Lawmakers in Congress are considering prohibiting federal government agencies from using lawsuit settlements to promote political goals and enrich friendly outside groups.
Representatives of foreign automobile manufacturer Volkswagen pled guilty in March to charges of falsifying testing data to meet U.S. Environmental Protection Agency requirements, agreeing to pay at least $1.5 billion in civil penalties, plus criminal fines.
The company will be forced to contribute up to $2 billion to third parties uninvolved in the lawsuit, to be used for promoting the adoption of zero-emissions automobiles.
The final details of the settlement will be released in April, but a bill under consideration in the U.S. House of Representatives would block the federal government from using similar lawsuit settlements to enrich outside organizations in the future.
House Resolution 732, the Stop Settlement Slush Funds Act, would prohibit the federal government from using lawsuit settlement punishments to fund pet causes or political organizations.
The bill would require government officials, such as those in the U.S. Department of Justice (DOJ), to direct lawsuit settlement payments to recompense victims of defendants’ actions or to the federal government’s general fund.
Stopping ‘Seedy’ Settlements
Paul Larkin, a senior legal research fellow at The Heritage Foundation, says the bill would stop the government from striking “seedy” settlement deals with defendants.
“It requires government lawyers to deposit into the federal Treasury all monies they receive as a result of a settlement or some other activity,” Larkin said. “The government is engaging in a certain seedy way of trying to technically avoid that by telling the settling party, ‘You don’t need to give all that to me. You can give it to a third party.’
“That’s an out-and-out sham,” Larkin said. “That’s what the law would recognize as a sham.”
Larkin says settlement slush funds are “unjust” and “unlawful.”
“If I sold you heroin and I said, ‘You don’t have to give the $10,000 to me; you can give it to my associate,’ I would still be liable for that $10,000 for the transaction that was involved, because I had control over what happened to it, even if I never got my mitts on it,” Larkin said. “So, at the outset, it’s really quite unlawful what they’re doing, and unjust for that reason.”
Larkin says executive branch agencies such as DOJ and the Environmental Protection Agency are infringing on lawmakers’ authority to determine how money is appropriated.
“All the people making these decisions about who should get money are not elected officials,” Larkin said. “The law doesn’t give the administration, whether it’s Republican or Democrat, a bag of money that it can pass out as it likes.”
Profit Motive, Not Public Interest
Matt Webb, senior vice president of policy at the Institute for Legal Reform, says the settlement slush funds undermine the rule of law.

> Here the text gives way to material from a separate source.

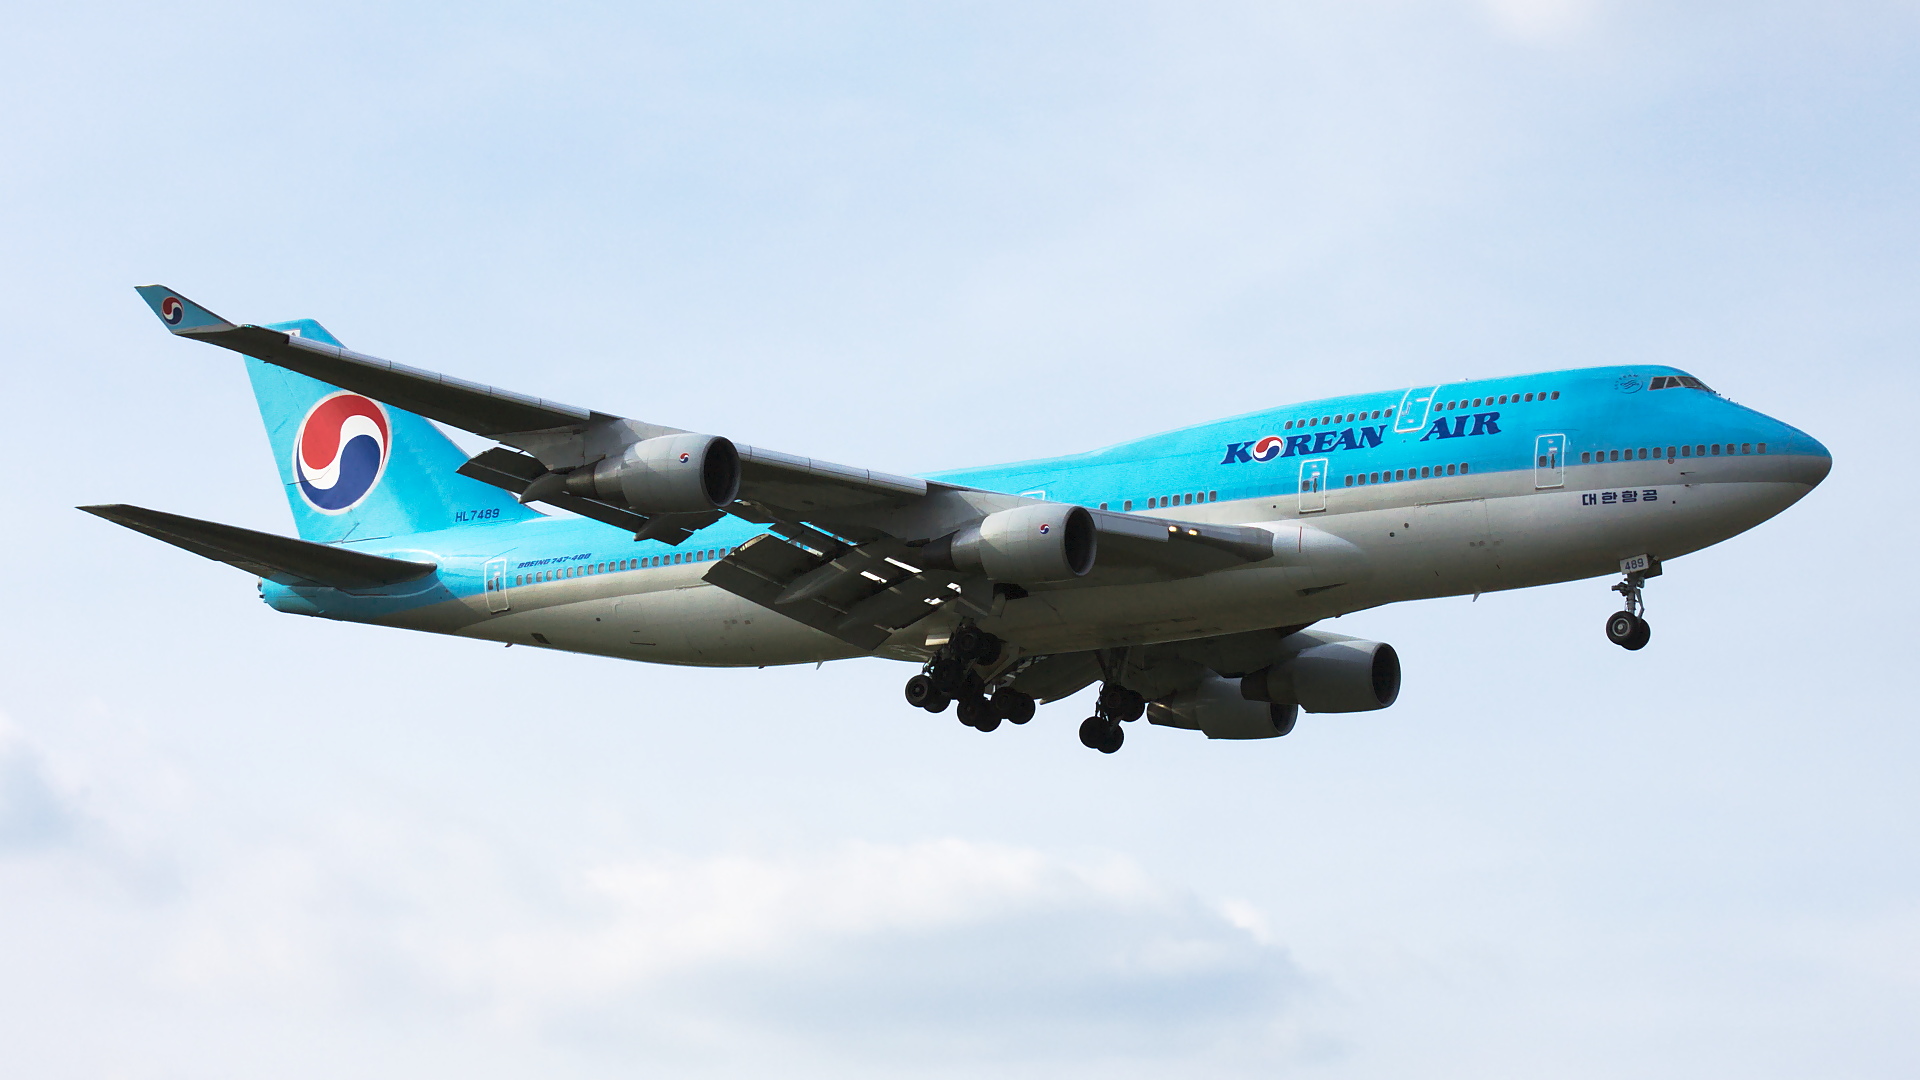 HL7489 ✈ Korean Air Boeing 747-4B5 @ London-Heathrow

“These practices do not simply undermine the structure specified in the Constitution,” Webb said. “They also create perverse incentives for agency officials to pursue enforcement activities that are based not on the public interest but on the individual officials’ narrow private interests in obtaining funds for favored private entities. Permitting federal and state enforcement officials to steer funds to third-party organizations allows the profit motive to replace the public interest and undercuts legislative spending authority.
“Agencies should not be allowed to fund pet projects and special-interest groups outside of the appropriations process,” Webb said.